Die brasilianische Bundespolizei hat den ehemaligen Menschenrechtsminister Silvio Almeida wegen sexueller Belästigung angeklagt, der Fall geht nun an das Büro des Generalstaatsanwalts. Eine der mutmaßlichen Opfer ist die Gleichstellungsministerin Anielle Franco, die die Vorwürfe in einer Aussage bestätigte. Almeida bestreitet die Anschuldigungen und wurde im September 2024 nach den Enthüllungen entlassen.
Die brasilianische Bundespolizei (PF) hat Silvio Almeida, ehemaligen Menschenrechtsminister unter Präsident Lula, am 14. November 2024 wegen sexueller Belästigung angeklagt. Die Anklage wurde von der PF gegenüber Metrópoles bestätigt und erstmals von TV Globo berichtet, wobei Folha die Informationen ebenfalls überprüft hat. Das Dokument wurde an den Obersten Bundesgerichtshof (STF) gesandt, unter der Berichterstattung von Minister André Mendonça, der es an das Büro des Generalstaatsanwalts (PGR) weitergeleitet hat. Generalstaatsanwalt Paulo Gonet wird entscheiden, ob der Fall eingestellt oder Anklage erhoben wird.
Die Vorwürfe des sexuellen und moralischen Belästigungs gegen Almeida tauchten im September 2024 auf, enthüllt von Metrópoles. Sie wurden an die Organisation Me Too weitergeleitet. Eine der Opfer ist die Gleichstellungsministerin Anielle Franco, Schwester der ehemaligen Stadträtin Marielle Franco. In einer Aussage vor der PF bestätigte Anielle die Vorfälle und gab an, dass sie 2022 während des Präsidentschaftsübergangs begannen. Daraufhin kamen weitere Frauen mit ähnlichen Anschuldigungen von Belästigung oder sexueller Belästigung vor.

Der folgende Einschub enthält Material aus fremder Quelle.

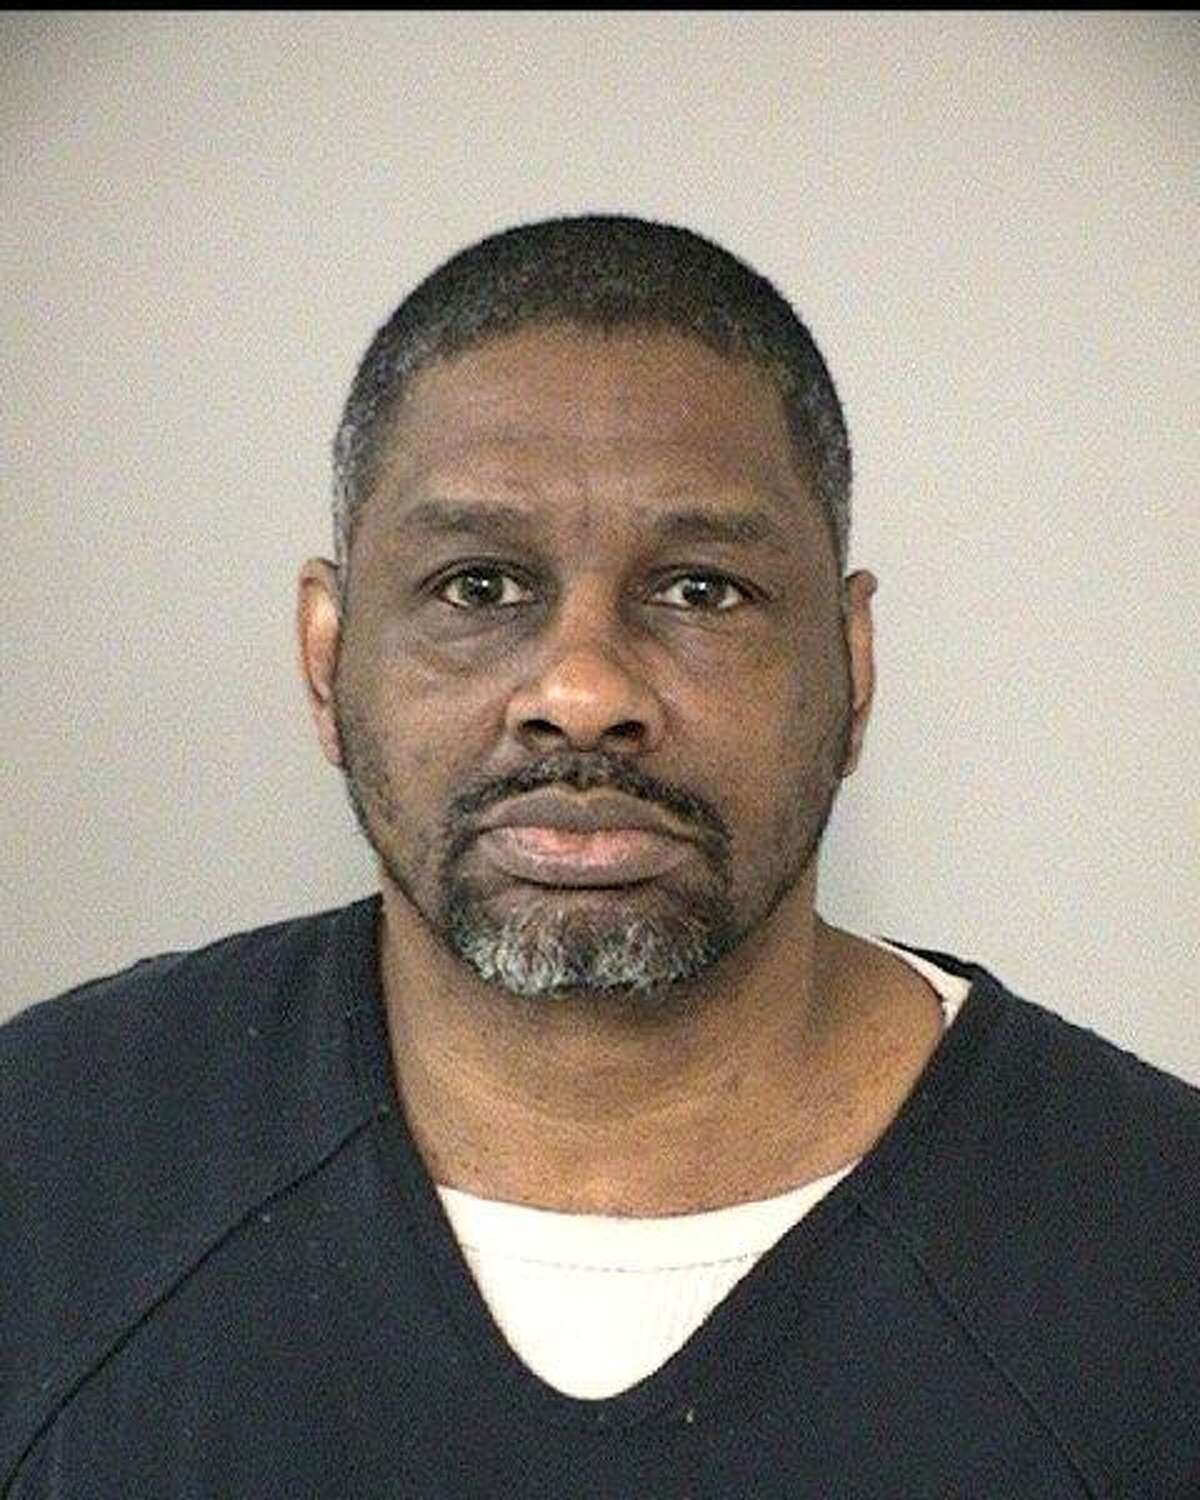 Darrell Wayne Holmes, 55, was convicted of murder by a jury of his peers on Sept. 2, 2021.

Der Fall führte zur Entlassung Almeidas am 6. September 2024, einen Tag nach der Veröffentlichung der Vorwürfe. Präsident Lula hielt es für 'unhaltbar', den Minister im Amt zu belassen, angesichts der Art der Anschuldigungen. Vor der Entscheidung traf sich Lula getrennt mit Almeida und Anielle. Das Menschenrechtsressort wird nun von Macaé Evaristo geleitet.

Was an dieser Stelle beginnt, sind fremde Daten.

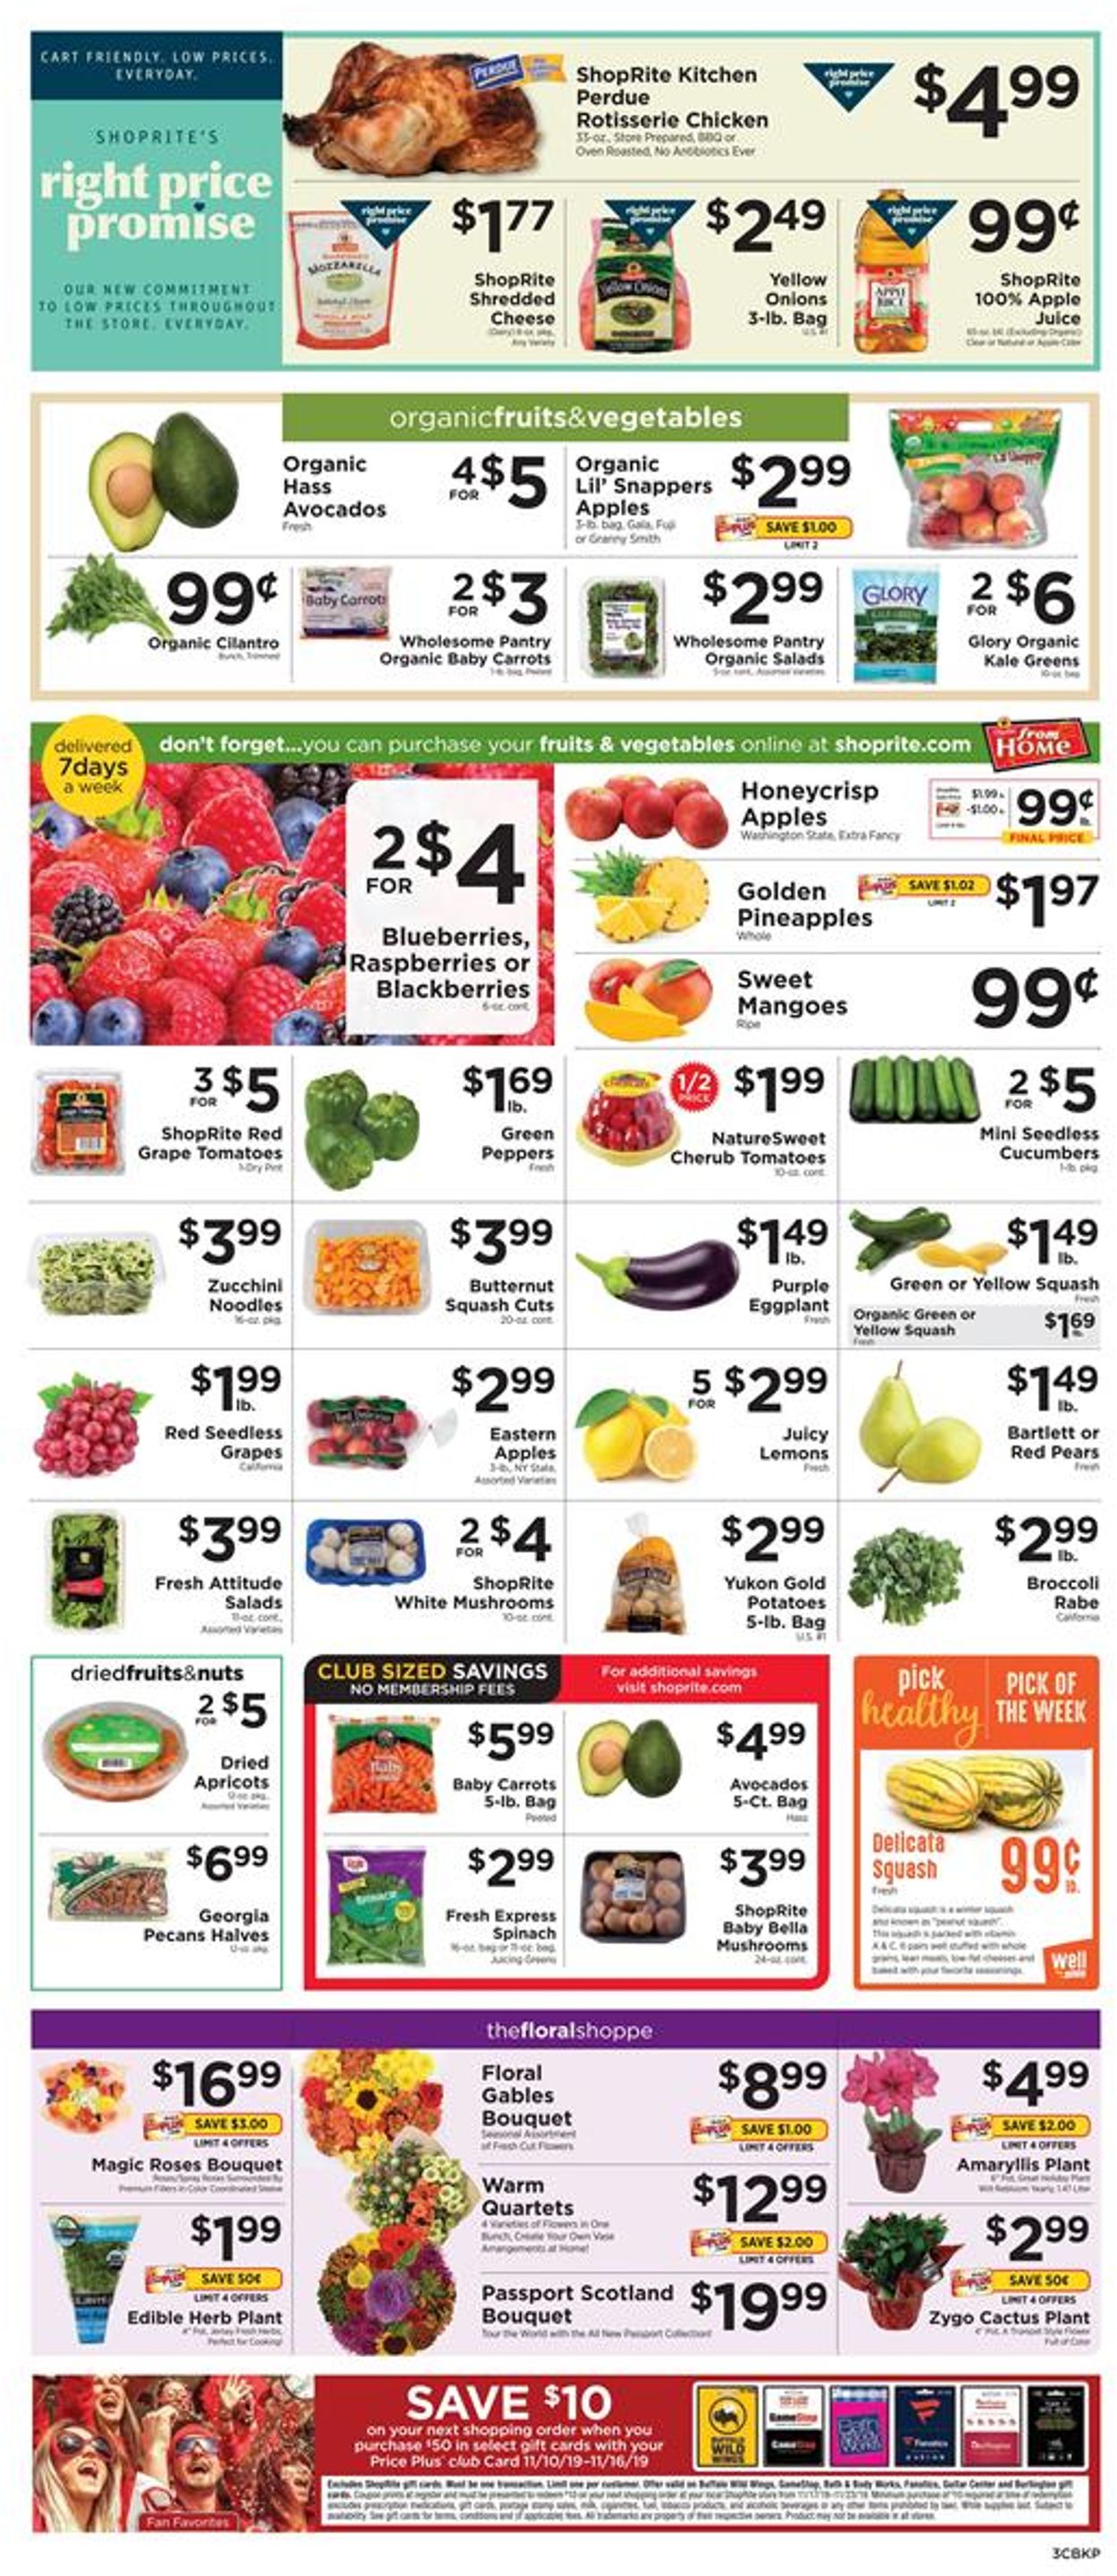 ShopRite Current weekly ad 11/10 - 11/16/2019 [3] - frequent-ads.com

Gleichzeitig läuft eine Untersuchung bei der Kommission für öffentliche Ethik (CEP) der Präsidialverwaltung, unter Verschluss, die in der 27. außerordentlichen Sitzung am 6. September 2024 formalisiert wurde. Almeida bestreitet die Vorwürfe und sagte in einem UOL-Interview im Februar 2025, Anielle Franco habe 'sich in ihrer Rolle verloren' und sei in eine politische Falle getappt. Anielle konterte, Almeida habe den öffentlichen Raum genutzt, um die Beschwerden zu diskreditieren und Opfer einzuschüchtern, und nannte die Vergeltungsmaßnahmen 'abstoßend'. Einen Monat nach dem Fall entließ Anielle Yuri Silva, einen mit Almeida verbundenen Sekretär. Die Verteidigung Almeidas hat noch nicht kommentiert.